I'm still reading this book, just so you know... I'm a professional Tarot Card Reader and I follow and love the Rider-Waite-Smith system. However, of late I’ve become curious about the Thoth and the Marseilles systems of Tarot -- about how the symbolism came about and was interpreted. This book is a great resource for learning this and more! Honestly, I was blown away and surprised beyond my expectation at the depth of information that this book provides. While I was expecting a surface level explanation, I was overjoyed (and even a little overwhelmed) by the wisdom and knowledge contained in this tome. And it is quite a big, fat, juicy tome that has opened my eyes to the beauty of the Marseilles cards -- a completely unexpected result!

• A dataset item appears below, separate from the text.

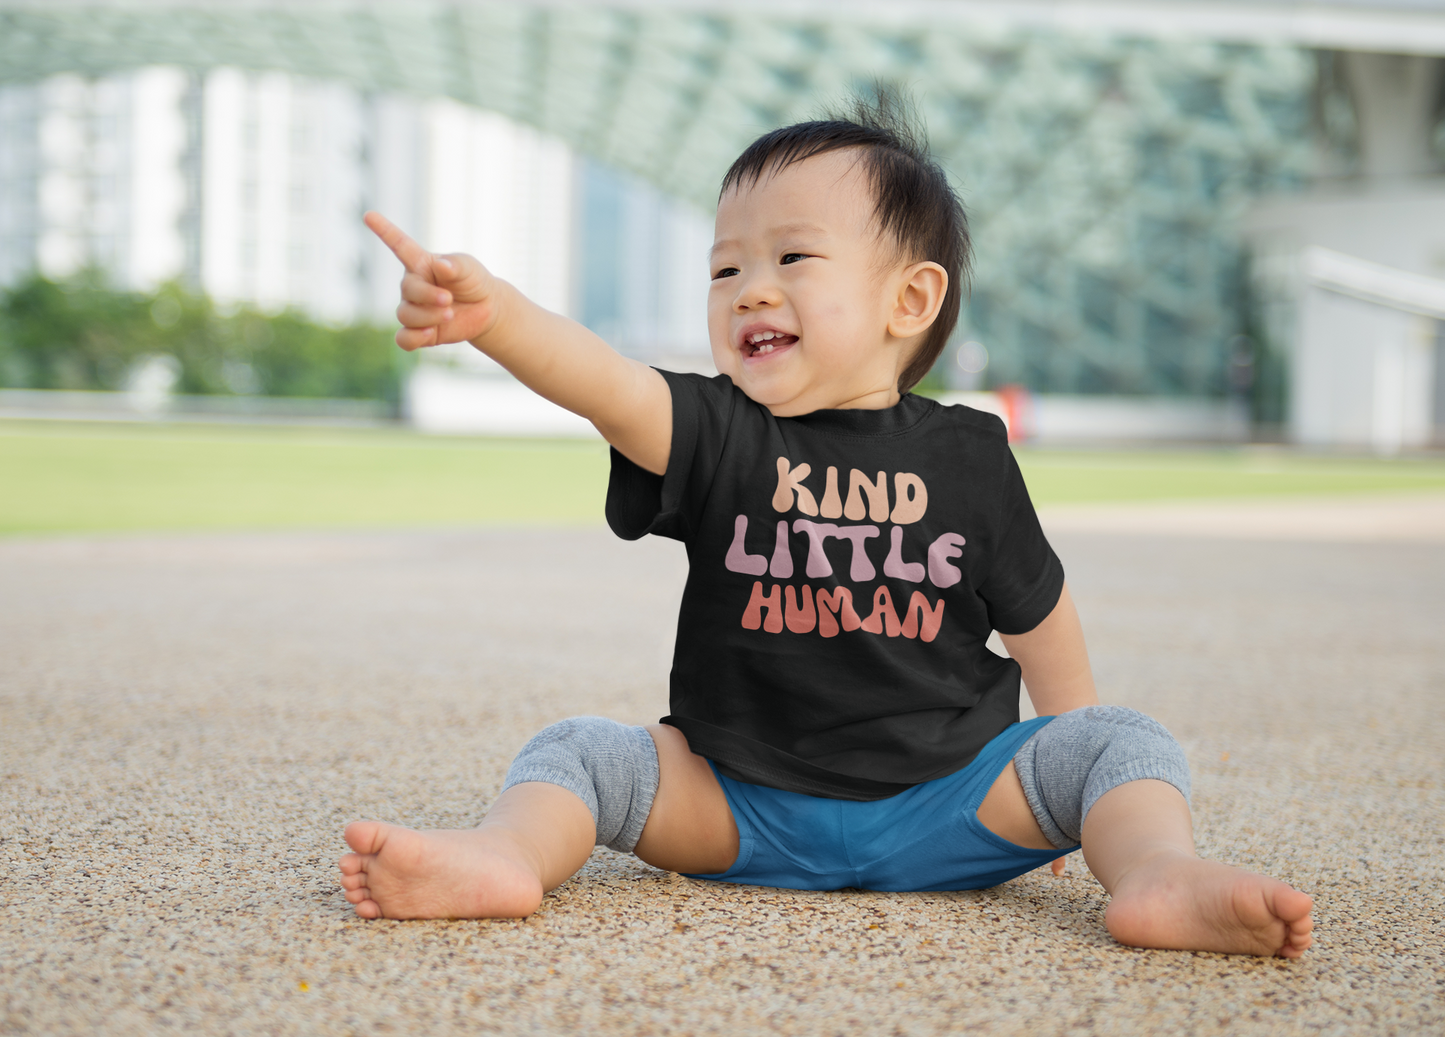 Kind Little Human Toddler's T-shirt

Of course, a lot of further study still awaits me -- but I totally look forward to it! Meanwhile, if you are, like me, looking to delve into the Marseilles Tarot world, then I will also suggest that you pick up a copy of the Tarot de Marseille by Jodorowsky to go along with it. The book references this deck all the time, and having it on hand is of course useful, but it'll also help you get familiar with the deck so you can do readings with it later on without further issues.